Сын улыбался, роняя соску.
Потом снова отъезд в Чечню и слезы жены перед расставанием, а потом — уже ее тихая злость, и сквозь зубы процеженные слова, и кто знает, что еще… Это когда уже все стало плохо.
А ведь когда-то любил. И сейчас любит, наверное.
Ведь было когда-то то самое большое чувство, жгучее, щемящее, тревожащее, не дающее спать по ночам?
И стоило только об этом подумать, как сразу же в памяти всплыл образ Ройзен — рыжеволосой ирландки с очень нежной молочно-розовой кожей. Вспомнились ее зеленые с коричневой крапинкой глаза… Лондон, бар в районе порта, куда он заходил… Запах сигаретного дыма, гудки, доносящиеся из дока… Все вместе это составляло образ Ройзен — официантки в белых носках и высоких солдатских ботинках, которая легко разносила между столиками тяжеленные бокалы портера. Только было это не девять лет назад, а чуть раньше, и он не любил Ройзен, и всегда знал, что не любит ее… Но вот сколько лет уже прошло, а стоит подумать о ней — и встает перед глазами, словно вчера было. И кажется — окажись сейчас в районе Лондонского порта, зайди в тот бар, и увидишь ее, все такую же…

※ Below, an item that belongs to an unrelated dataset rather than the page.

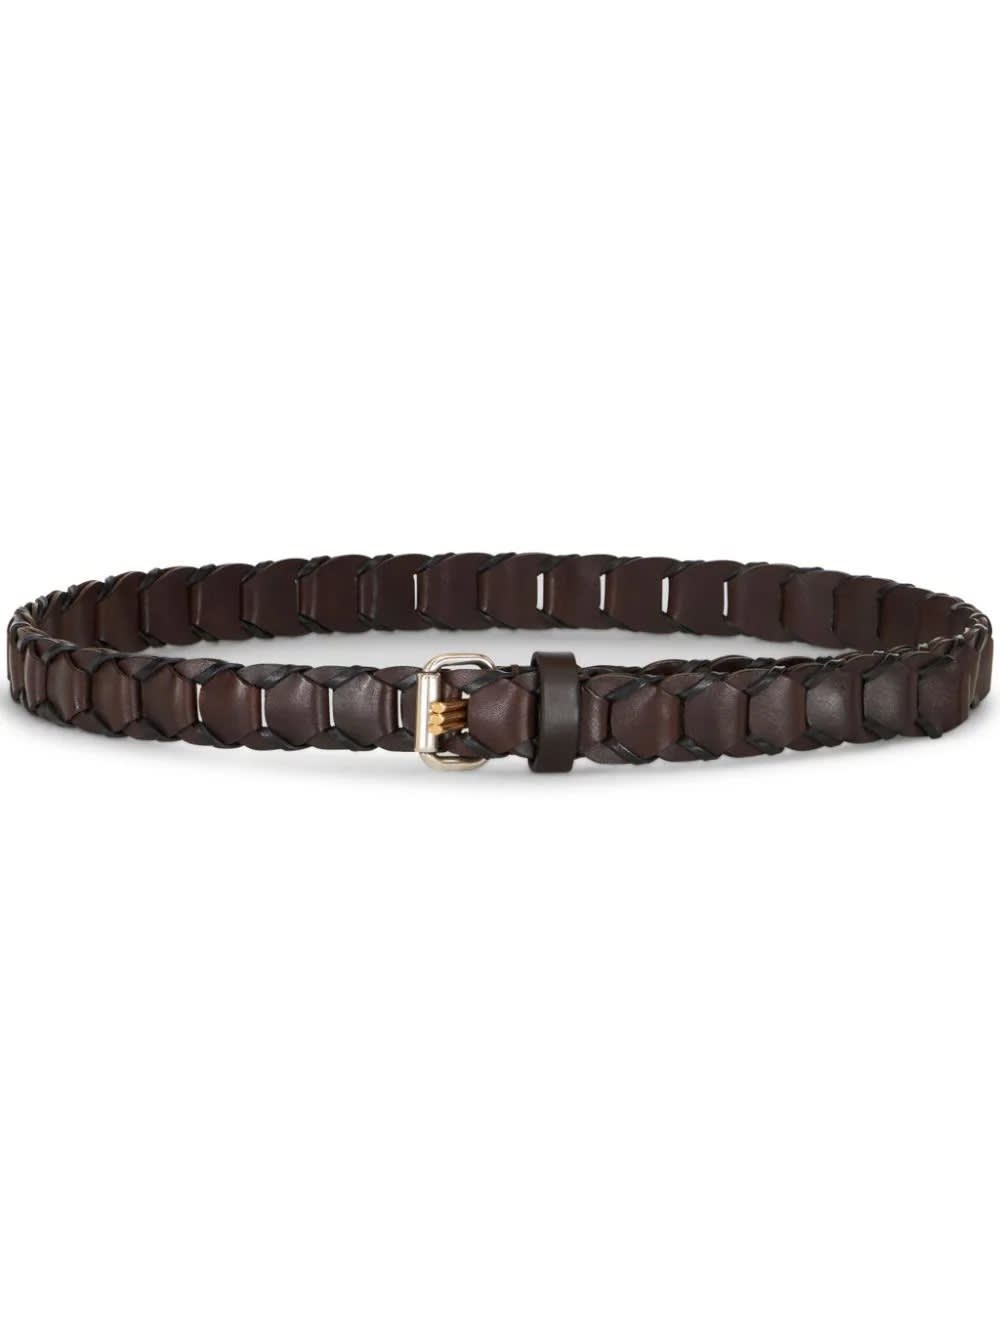 ETRO BROWN WOVEN LEATHER BELT
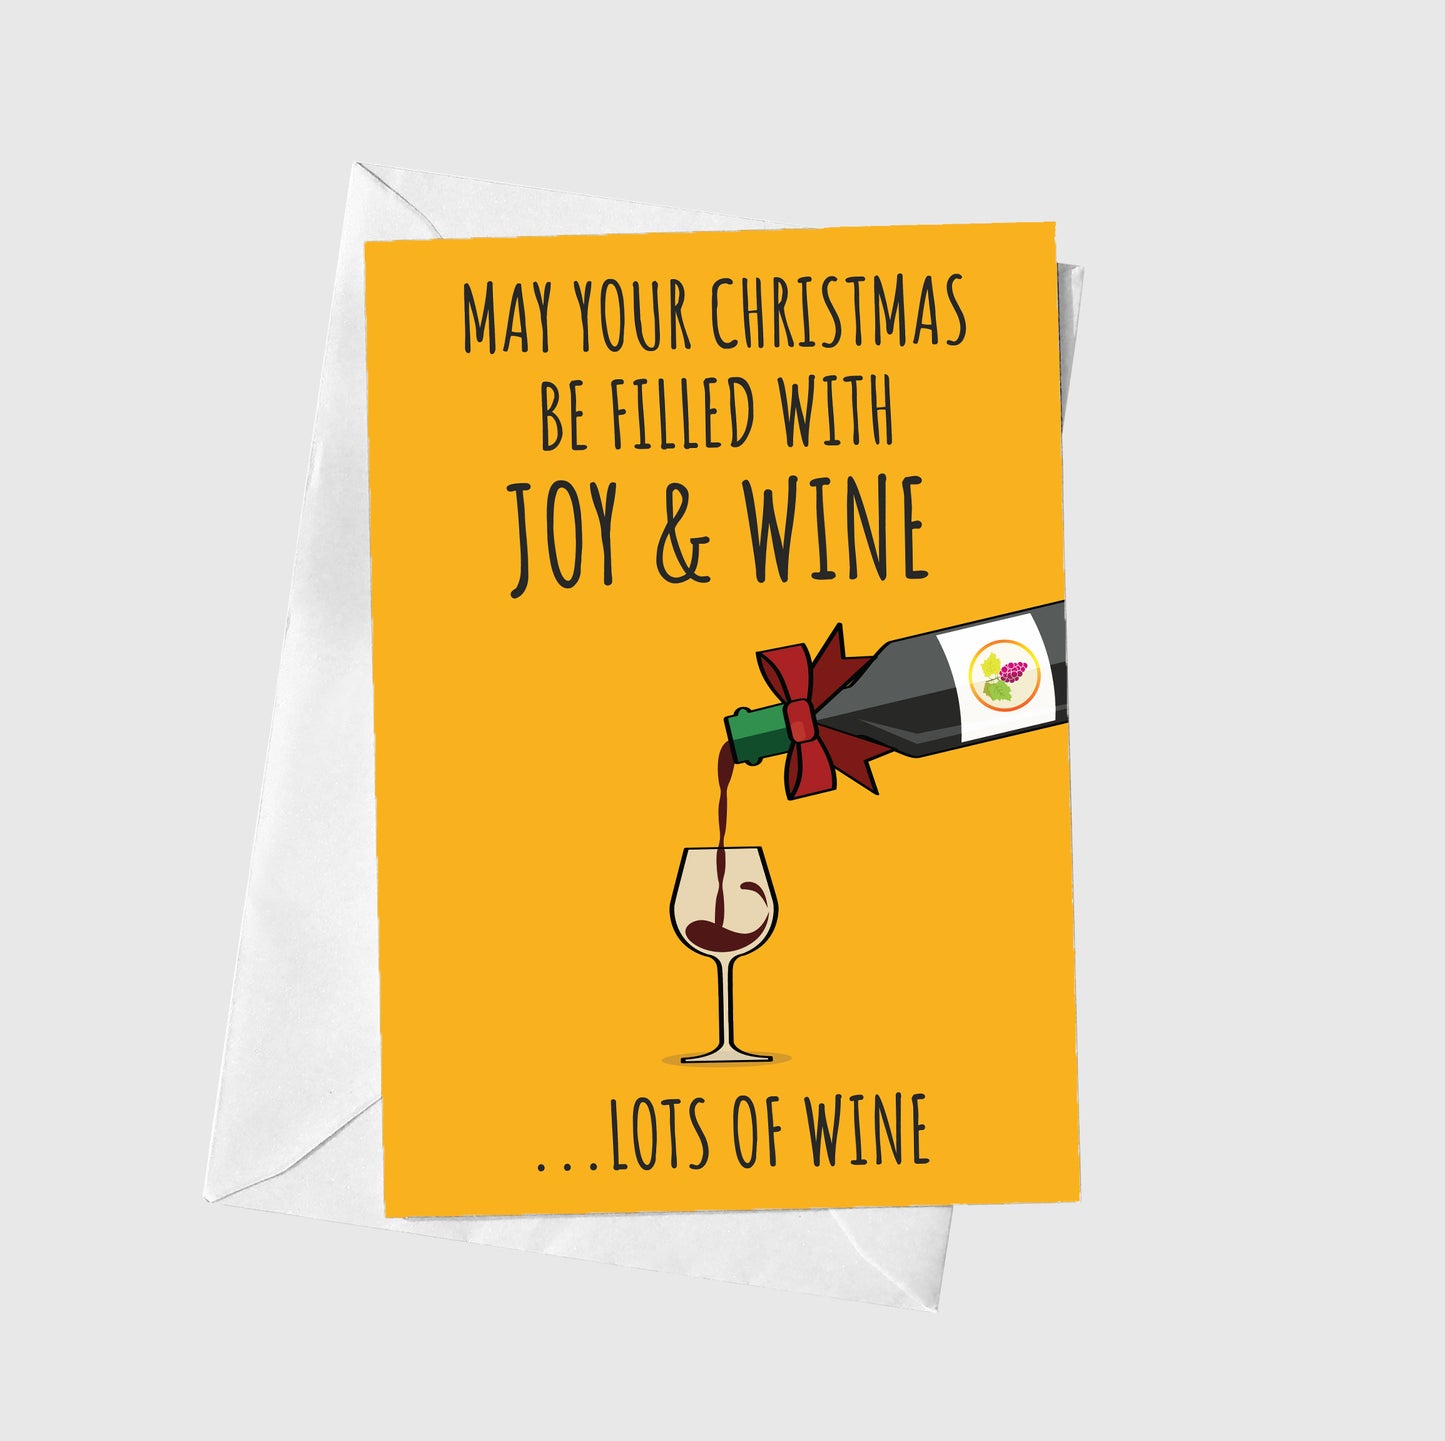 May Your Christmas Be Filled With Joy & Wine

А тогда он рвался из Лондона домой, к жене, оставшейся в Вильнюсе. Ей в те дни довелось испытать на себе все прелести роли жены «опасного государственного преступника»! Вильнюс после августовского путча… «Оккупанты, вон!» Бежать пришлось внезапно, спасибо Михальскому, по-дружески предупредил: литовцы отдали приказ о его аресте. Хотя Георгий, собственно, к штурму телецентра и гибели гражданских лиц никакого отношения не имел, но так уж обстоятельства сложились — срочно требовались козлы отпущения, и он подвернулся под руку… Тогда судьба и закинула его на гостеприимные берега туманного Альбиона. Насчет «туманного» — давно вранье. Климат в Британии, как и во всей Западной Европе, за последний век сильно изменился, и никаких «лондонских туманов» за свое почти годичное пребывание Гольцов не припомнит.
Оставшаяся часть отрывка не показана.